From the line containing "Clarks DESERT BOOT" to the line containing "Delaney Bed Size: King" in the entries below, reproduce every line exactly, ends included. Nothing else belongs in the copy, and no pictures.

## RECORDED DATA
=====

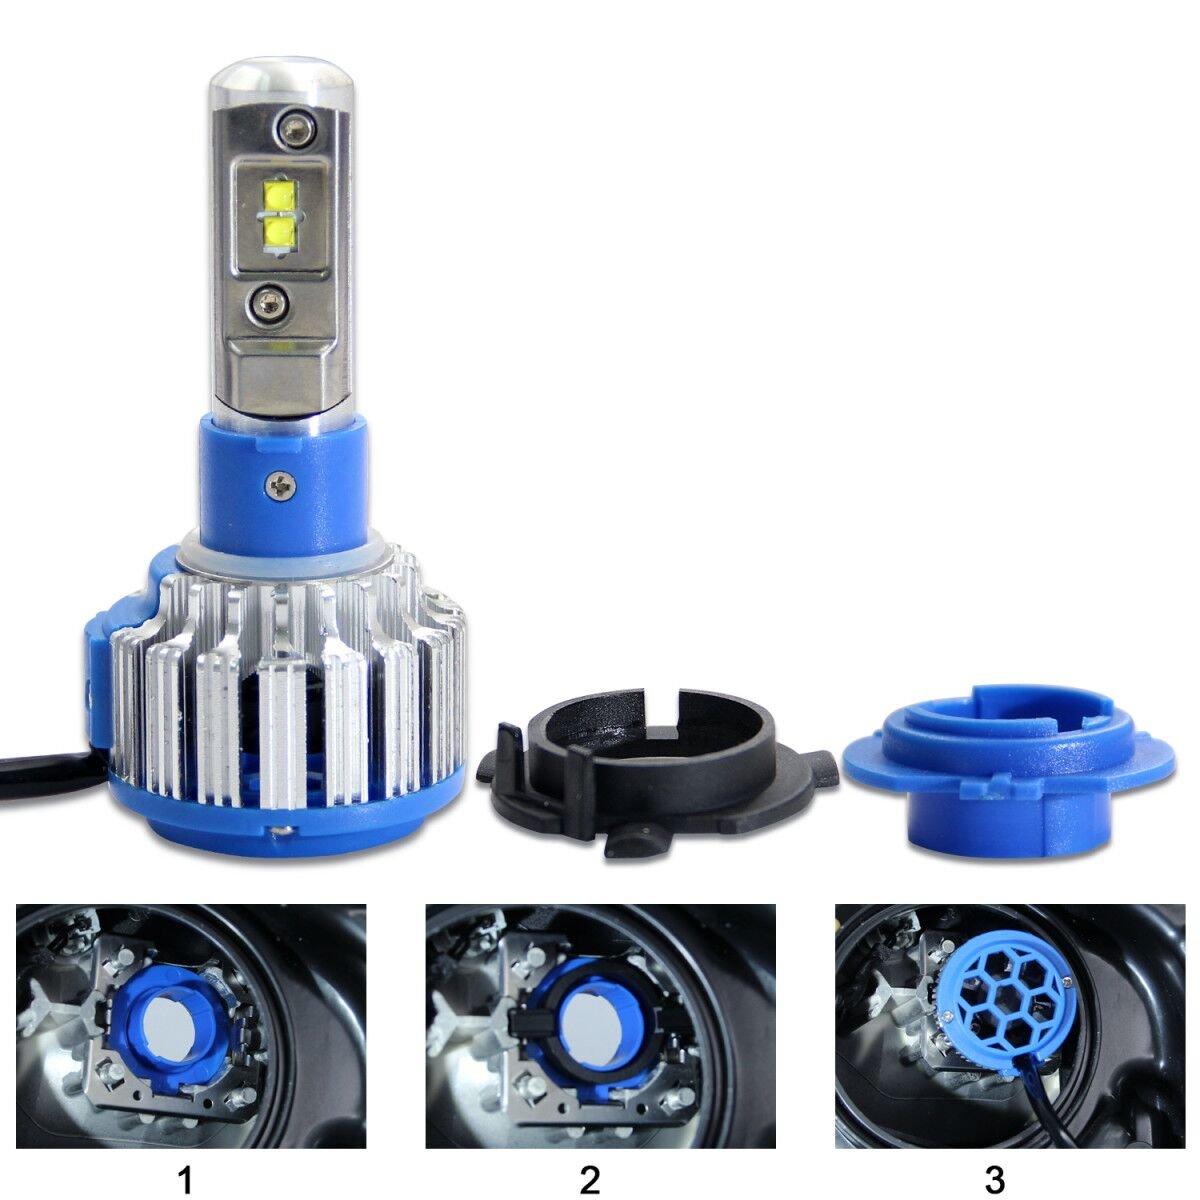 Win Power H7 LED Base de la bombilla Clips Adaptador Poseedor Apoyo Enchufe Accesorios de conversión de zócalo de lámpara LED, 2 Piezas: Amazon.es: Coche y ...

=====

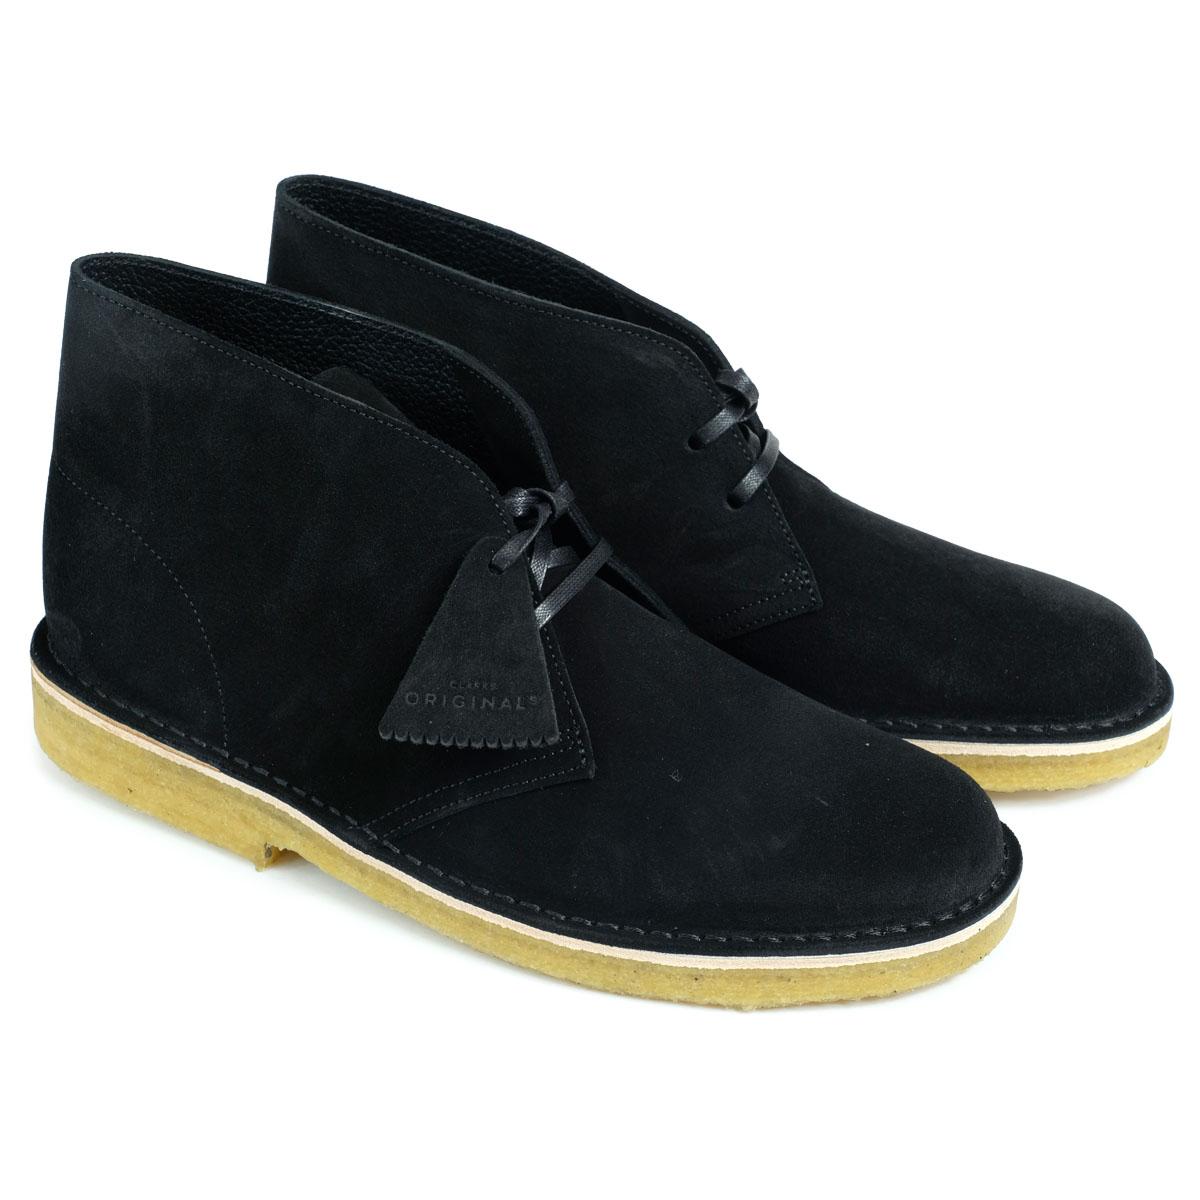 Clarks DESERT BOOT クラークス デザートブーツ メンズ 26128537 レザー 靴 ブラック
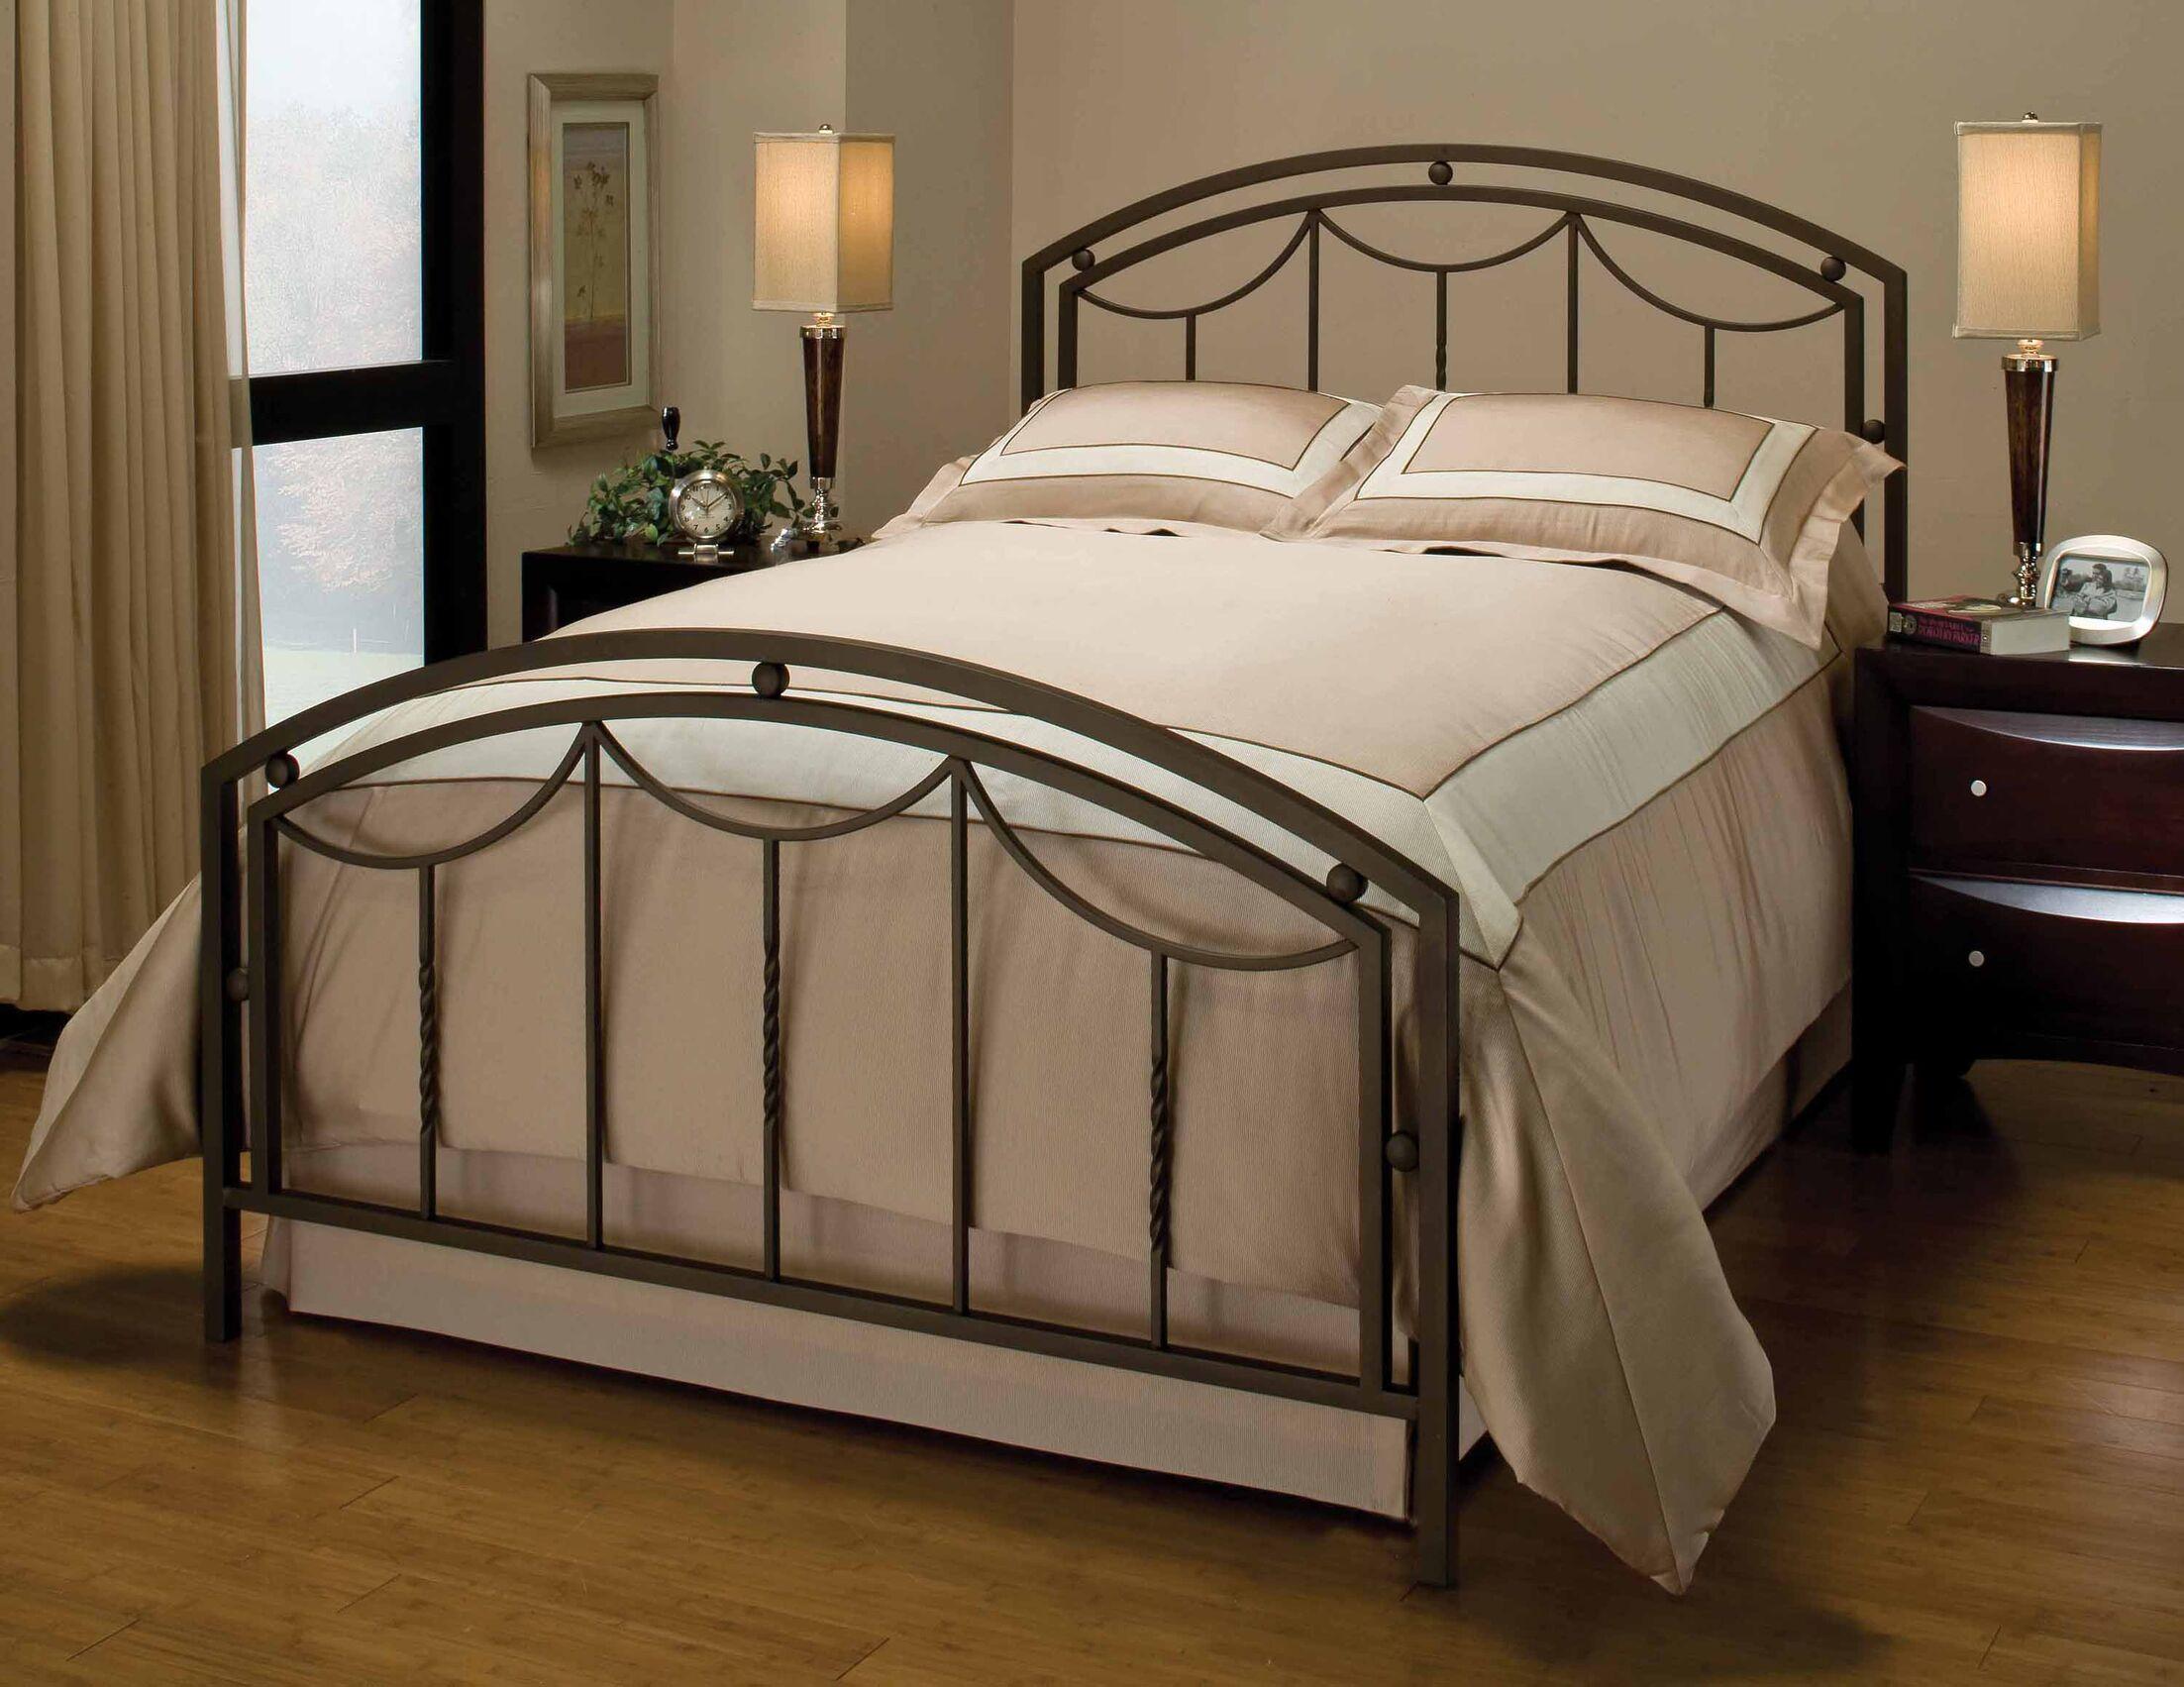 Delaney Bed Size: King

=====

## SOLVED EXERCISE
 Clarks DESERT BOOT クラークス デザートブーツ メンズ 26128537 レザー 靴 ブラック
 Delaney Bed Size: King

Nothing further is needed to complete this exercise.